■ Data shown ■
═══

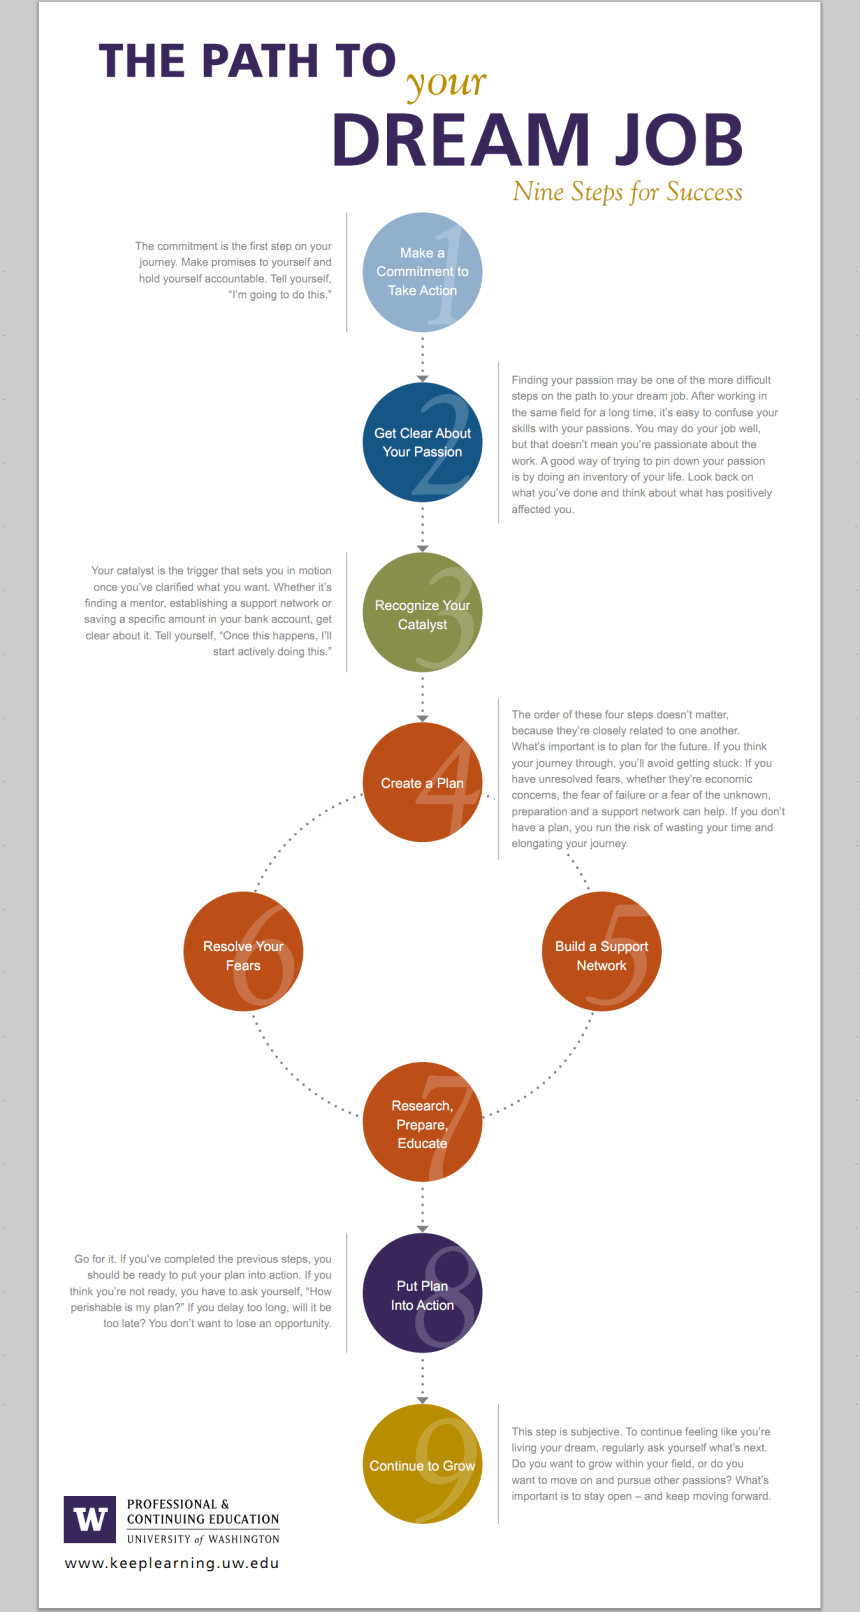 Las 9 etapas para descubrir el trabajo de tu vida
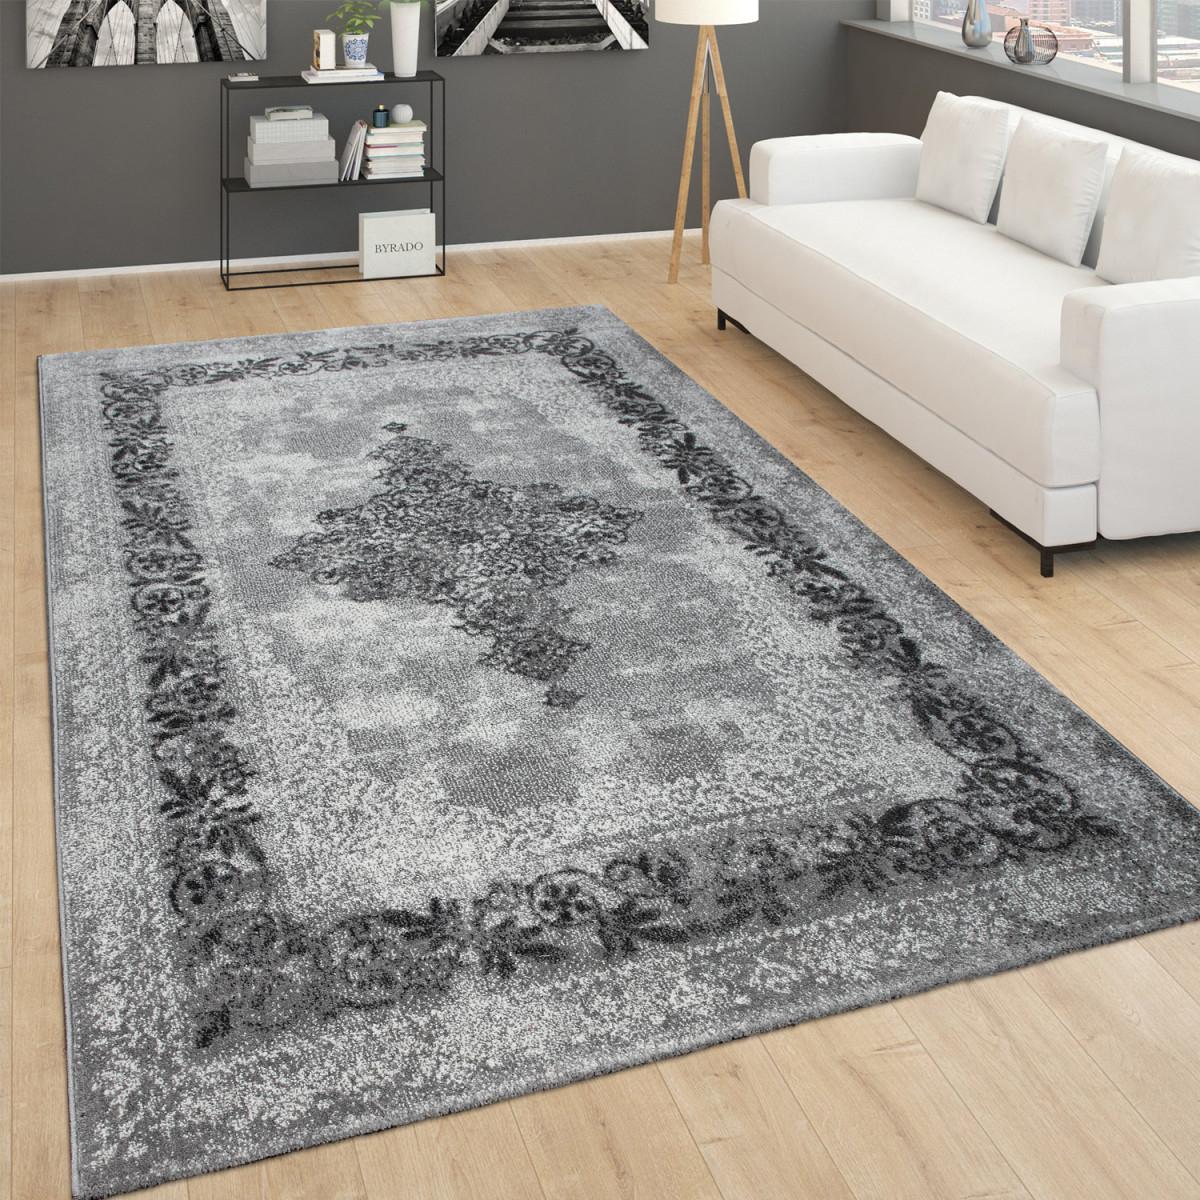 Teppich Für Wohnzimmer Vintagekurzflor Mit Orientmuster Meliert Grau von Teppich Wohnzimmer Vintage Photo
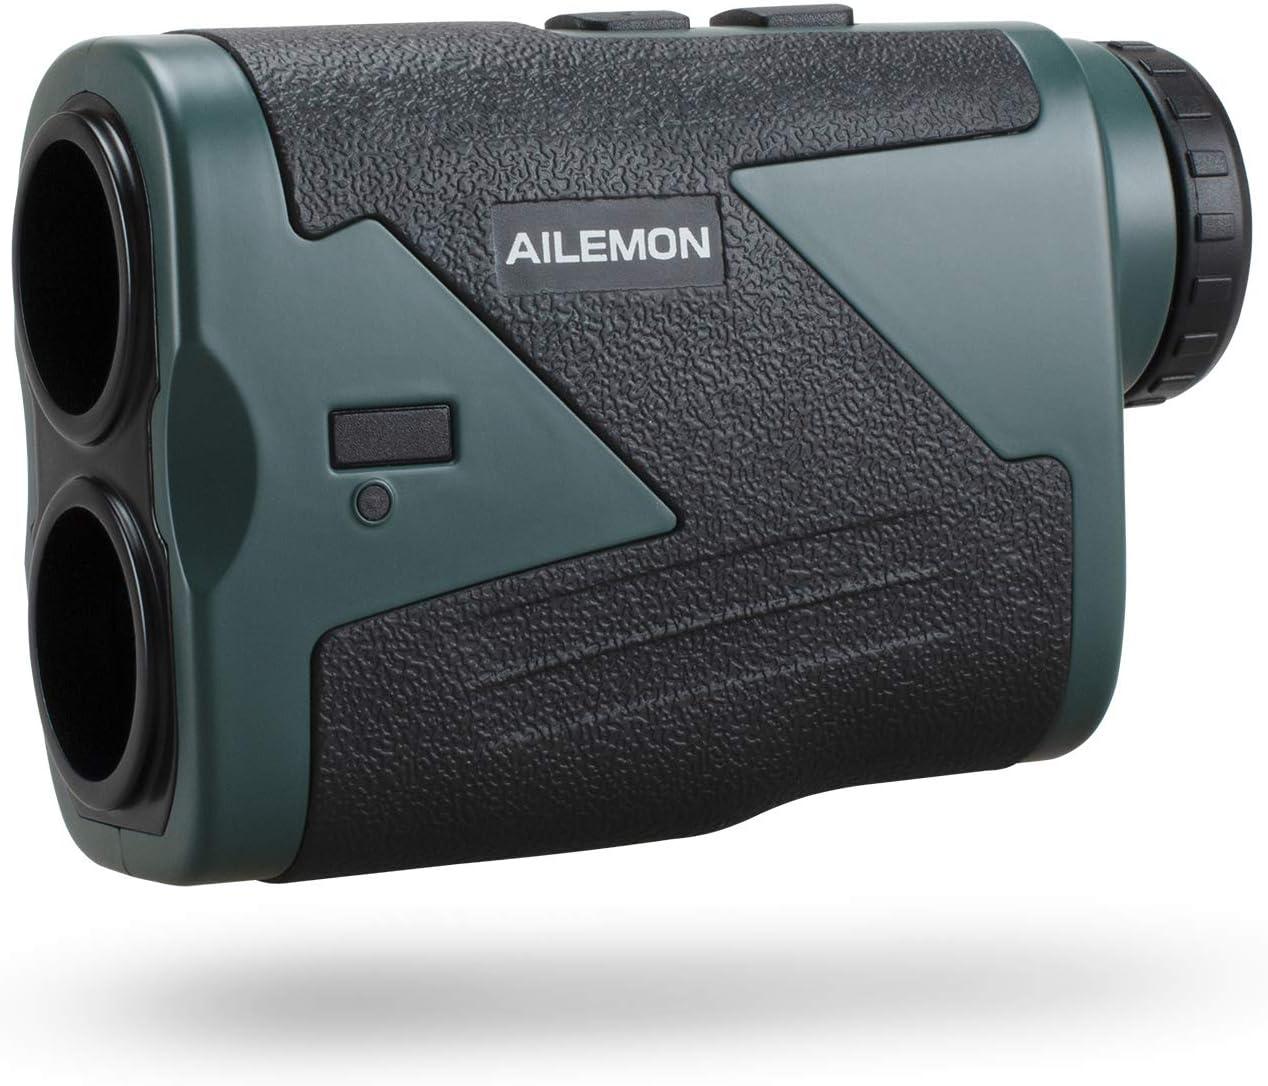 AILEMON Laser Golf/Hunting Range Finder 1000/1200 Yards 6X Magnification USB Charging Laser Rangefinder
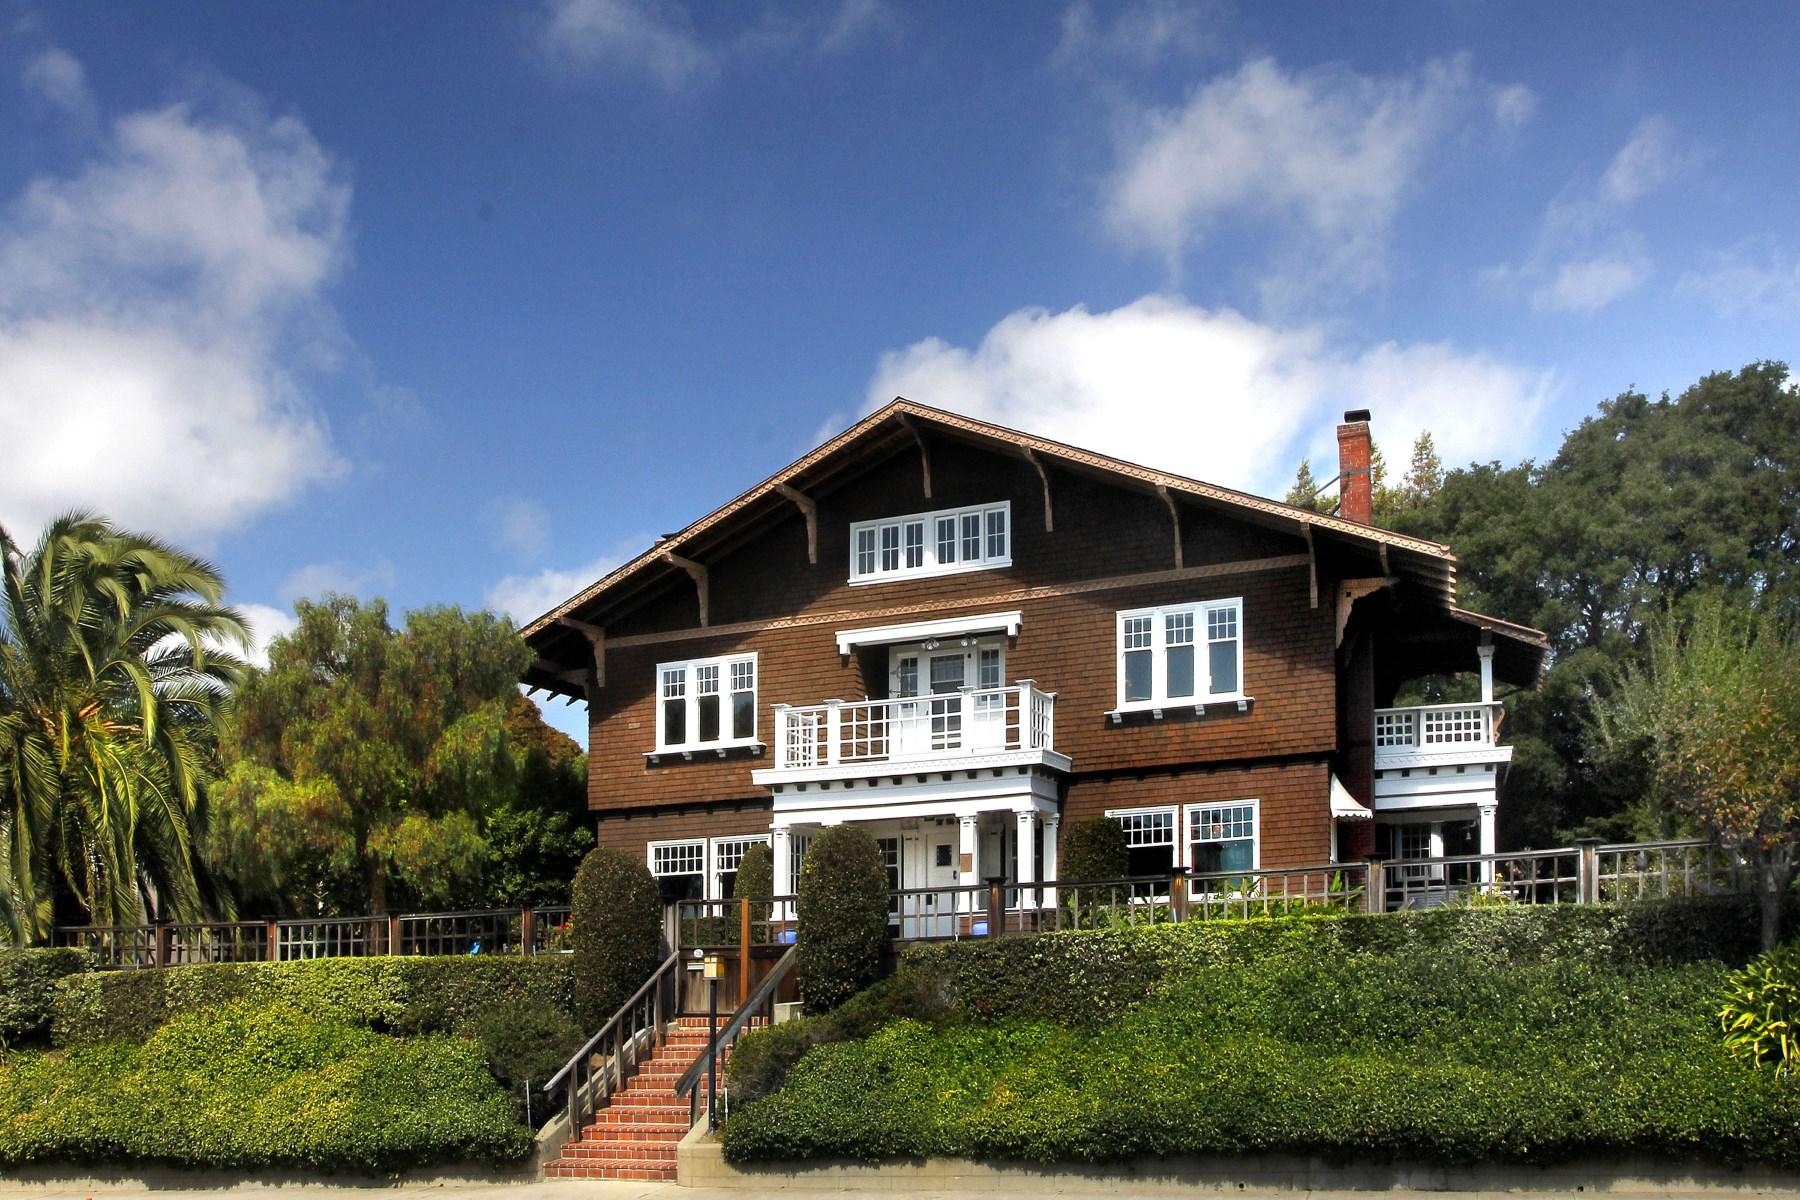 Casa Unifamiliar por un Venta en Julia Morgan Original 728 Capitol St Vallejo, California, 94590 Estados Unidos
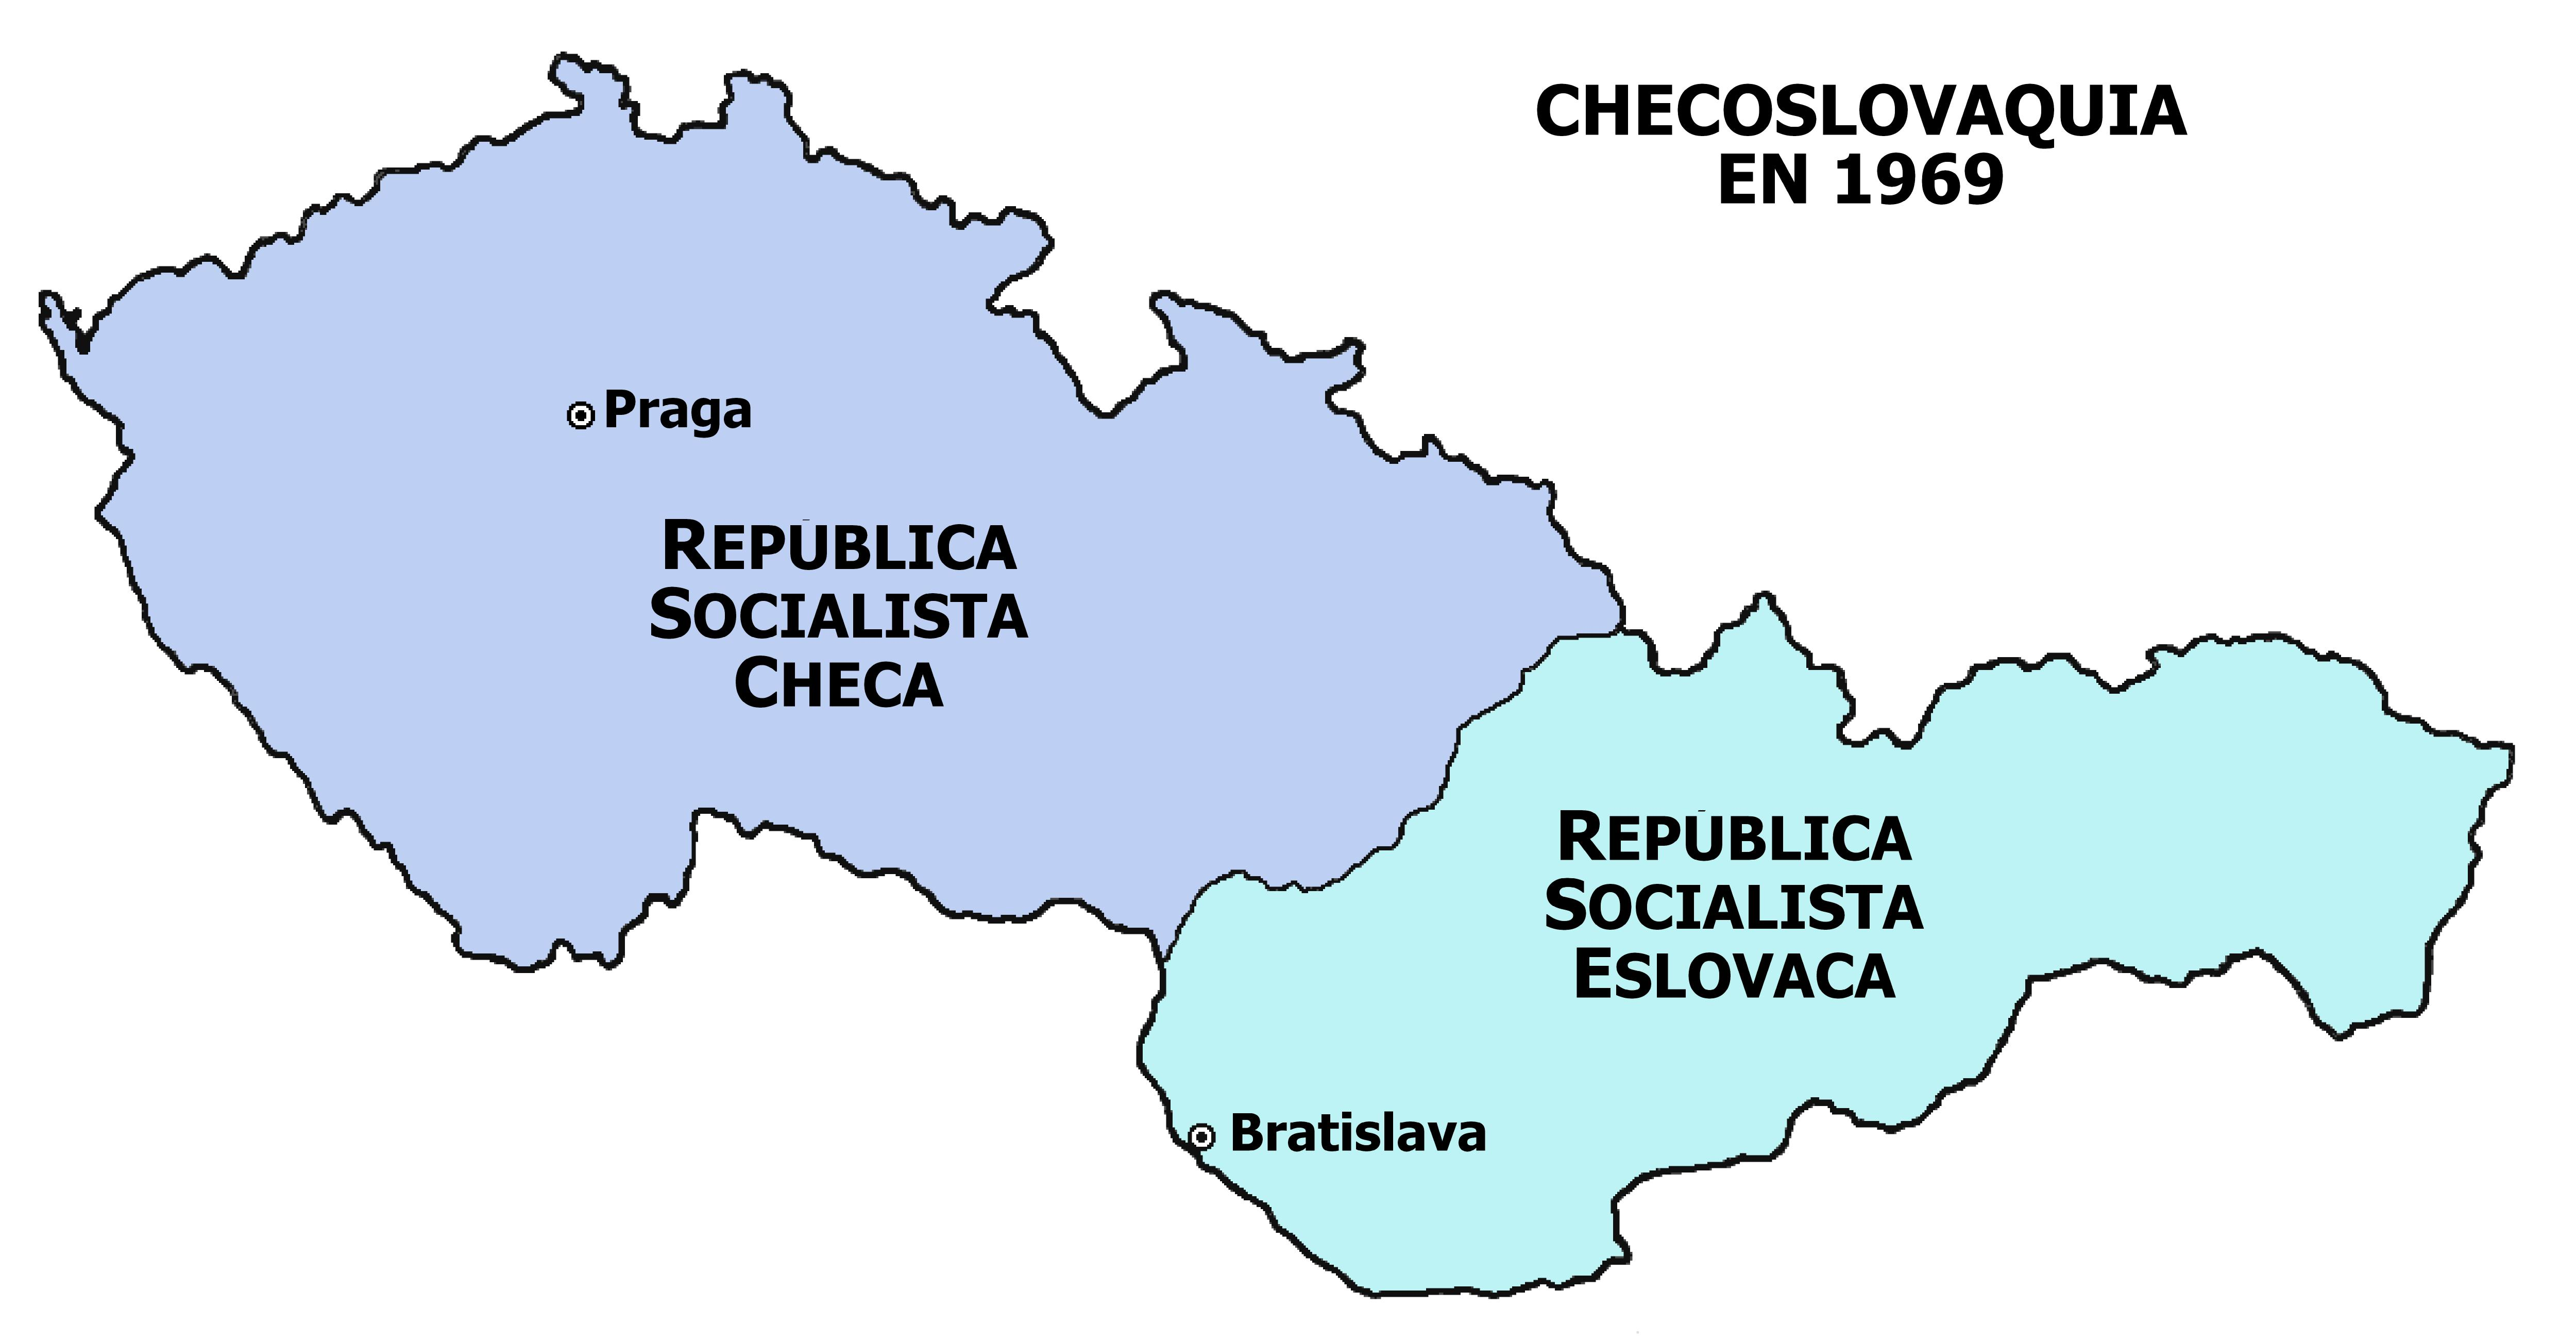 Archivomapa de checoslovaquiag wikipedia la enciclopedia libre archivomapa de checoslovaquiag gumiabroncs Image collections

═══

■ Activity ■
The records above need to be given again exactly. Omit the pictures.

■ Response ■
 Las 9 etapas para descubrir el trabajo de tu vida
 Teppich Für Wohnzimmer Vintagekurzflor Mit Orientmuster Meliert Grau von Teppich Wohnzimmer Vintage Photo
 AILEMON Laser Golf/Hunting Range Finder 1000/1200 Yards 6X Magnification USB Charging Laser Rangefinder
 Casa Unifamiliar por un Venta en Julia Morgan Original 728 Capitol St Vallejo, California, 94590 Estados Unidos
 Archivomapa de checoslovaquiag wikipedia la enciclopedia libre archivomapa de checoslovaquiag gumiabroncs Image collections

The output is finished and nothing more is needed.